Dos maneras diferentes de narrar el único acontecimiento de la resurrección, que Lucas trata de iluminar en toda su amplitud: la resurrección significa, en efecto, la entrada de Jesús como Kýrios en la vida eterna a la derecha de Dios Padre (Ascensión) y también la venida del Espíritu (Pentecostés: cf. Hch 2,1-11).
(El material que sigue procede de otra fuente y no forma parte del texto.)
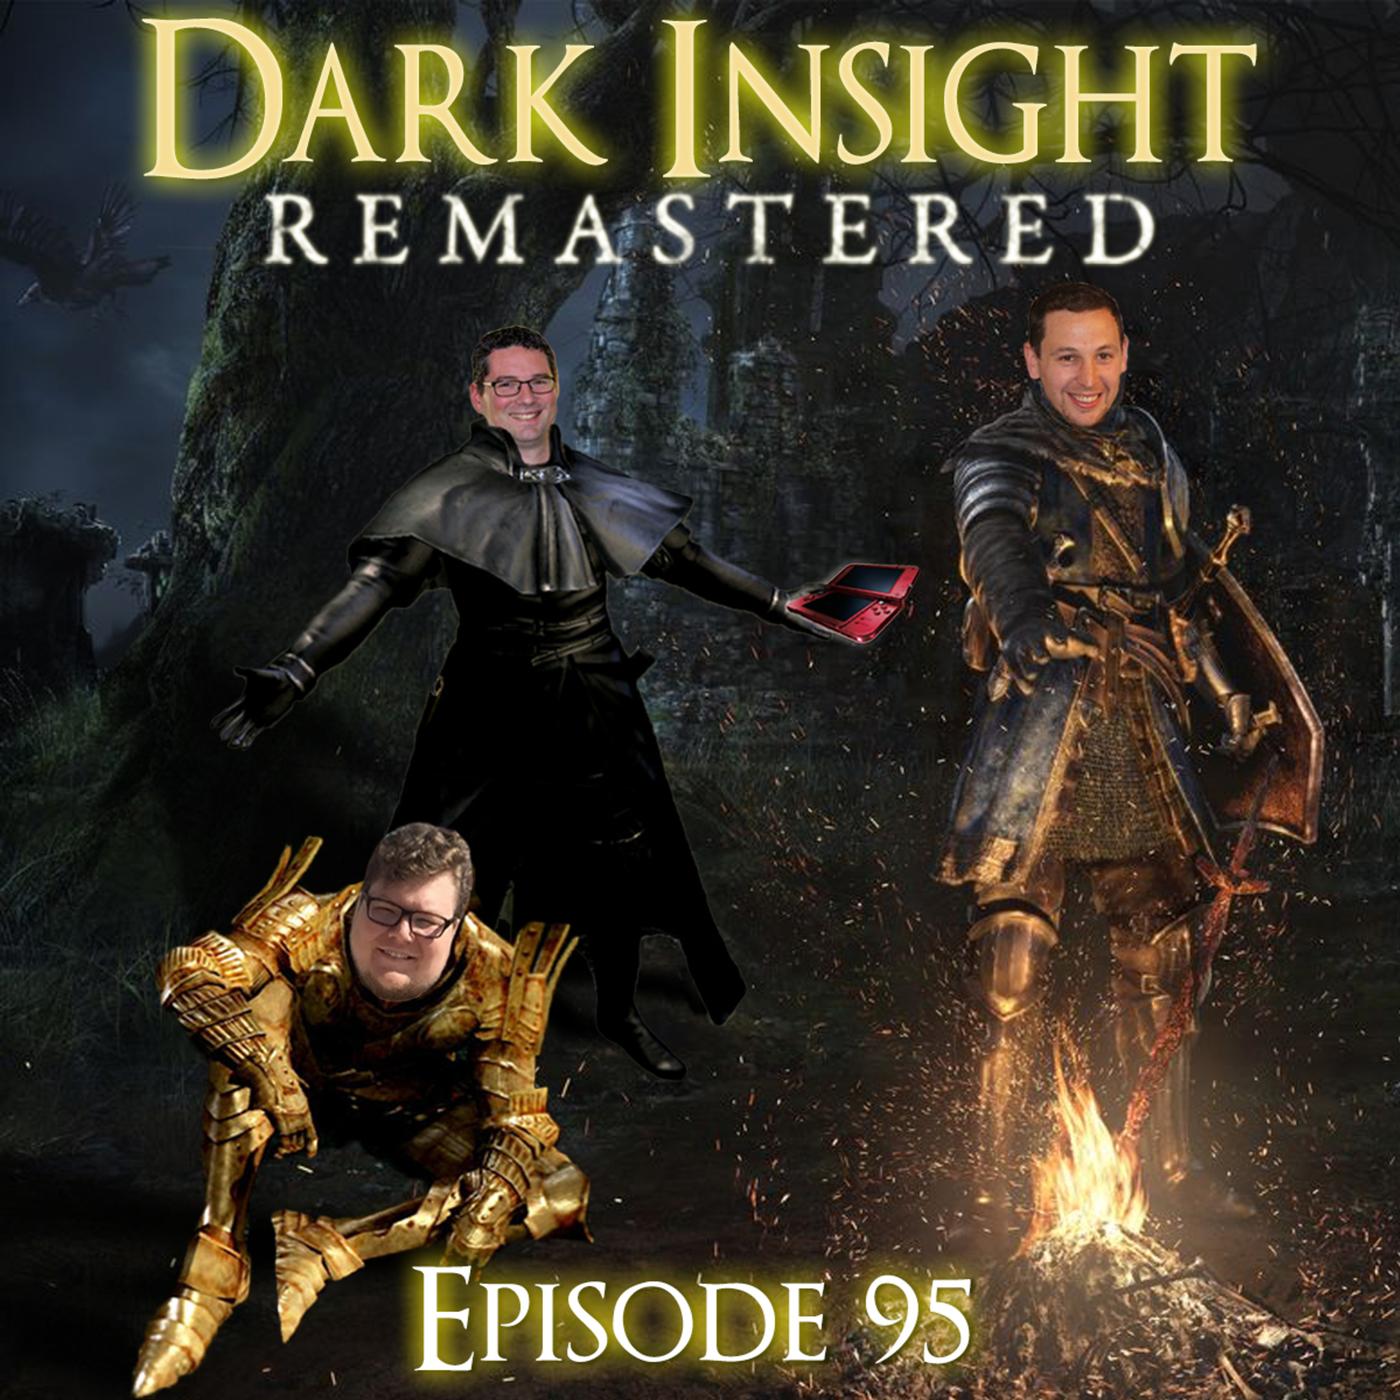 Dark Insight Episode 95: Dark Insight Remastered
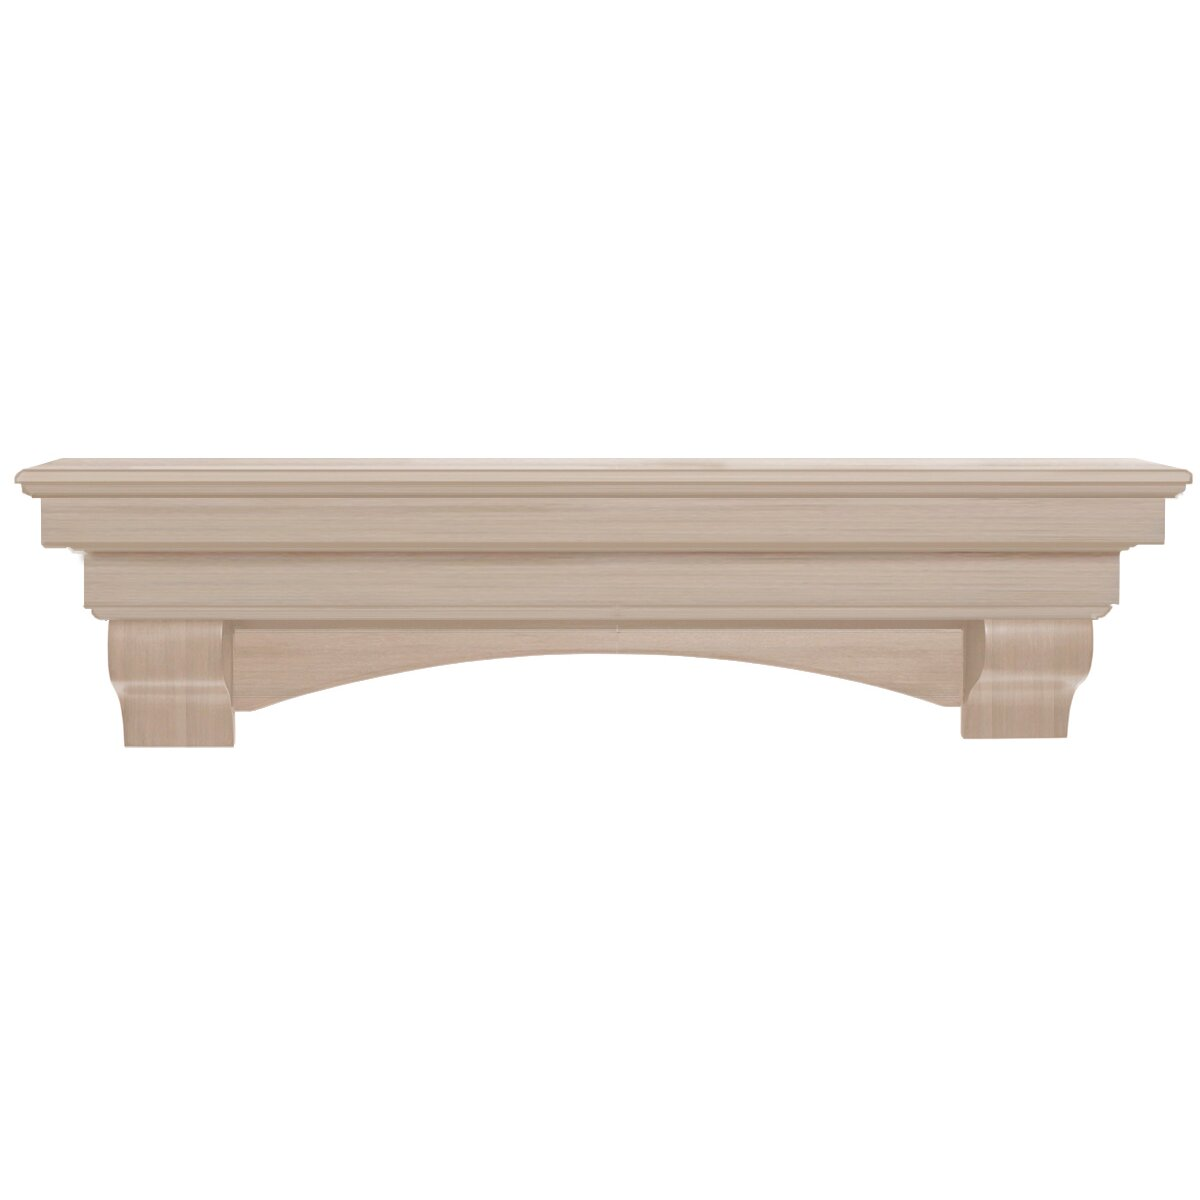 Pearl Mantels Auburn Fireplace Mantel Shelf - Pearl Mantels Auburn Fireplace Mantel Shelf & Reviews Wayfair

En la página final de su Evangelio, Lucas cuenta cómo Jesús se separó de los suyos, no para abandonarlos, sino para estar siempre con ellos, el «Emmanuel», el Dios-con-nosotros (cf. Mt 1,23; 28,20), en una nueva forma de vida. Su existencia humana terminó con la muerte, y ahora, tras la resurrección de su cuerpo, la vida de Jesús es otra, es la del Señor vivo, es la vida divina de aquel que está en la vida íntima de Dios, a su derecha, el lugar del Hijo elegido y amado (cf. Sal 109,1 bc; Lc 3,22; 9,35).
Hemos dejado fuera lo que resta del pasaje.